Секунда, две, три, а может, ещё одна секундочка была дарована им посидеть так втроём – едино, в затайности ото всего света, в тиши дома родного, рука к руке, голова к голове, душа к душе. Они, можно было подумать, задремали, уснули и не понимали ясно, что с ними, где они. Ни Коля, ни Екатерина, на диво, в эти секунды ощутимо не почувствовали присутствия Любови Фёдоровны, тем более как нечто такое чужеродное, до того, видимо, они все трое стали чем-то целостными, одним телом и душой.
Внезапно – всплеск: ребёнок, очнувшись первым, шевельнулся и вынырнул головёнкой из-под рук бабушки и мамы. А Екатерине показалось, что мир, в котором она только что блаженно пребывала с ребёнком, сдвинулся с какой-то точки равновесия, пошатнулся, возможно, стал балансировать, но всё же устоял, хотя и забурлил и заторопился, заторопился куда-то.
– Баба, бабонька моя! – вскрикнул Коля и охватил бабушку за шею.
– Мама? – смутилась и даже покраснела дочь, торопливо поднимаясь с пола.
– Ты не совестись своего счастья, доча, – сказала мать вкрадчиво. – Я понимаю: Маша на тебя смотрит оттуда, а потому душа твоя мотается и казнится. Да жизнь-то, осмотрись, уже запрягла тебя и погоняет: но-о, лошадка! Смирись и живи как все люди.

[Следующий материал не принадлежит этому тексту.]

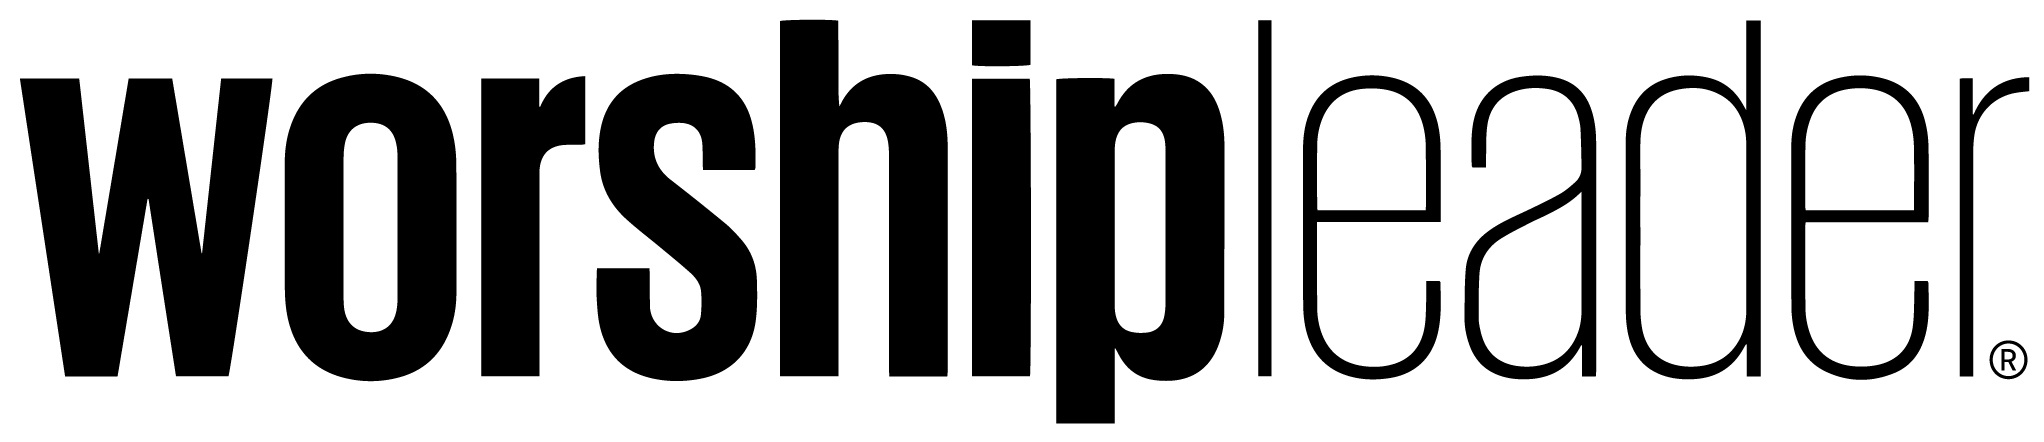 WL+logo_black.jpg

И другим голосом – привычно бойким, полнозвучным, или, сама так, посмеиваясь, называла, «базарным», чмокая и потрёпывая вившегося возле неё внука:
– Проснулись спозаранок? Молодки! И даже печку раскочегарили? Цены вам нету! Сей же час чего-нибудь сварганим, перекусим мало-мало да – ать-два левой на кладбище. Поклонимся косточкам наших родимых покойничков – отца и матери моих, дедушек и бабушек наших, а ещё тёток и дядьёв, братьёв и сестёр. Всем, всем поклонимся, о ком не забывает память и сердце, поговорим с ними – как они там, чего они там. Душа Марии нашей, говоришь, ещё на земле жительствует? Ну, вот, и она с нами рядышком побудет. А опосле, доча, примемся за бумажную волокиту и беготню. С дойки я отпросилась у бригадира аж на два денька-денёчка – времени у нас навалом. В Усолье в собес сгоняем – опеку переварганим с меня на тебя, а дальше будет видно, чего да куда ладить. С Леонардушкой посоветуетесь и постановите по-своему, по-любовному – усыновлять… или чего оно там у вас сложится. Слышь, бабы с фермы балакают: о нас, греховодницах и матерщинницах, токмо советская власть печётся, а о Катюшке твоей, христовенькой, ещё и Бог, видать, заботится. Смеются, конечно. А рады, рады-то все за тебя и за Коляньку!
Глава 61
На кладбище к могилкам всех родственников подошли; где почистили, прибрались в оградках, где просто постояли повздыхали, вглядываясь в едва различимые, крылышками шелушащиеся надписи. Коля упарился, раскраснелся – усердствовал, сгребая грабельками листву и сухую траву.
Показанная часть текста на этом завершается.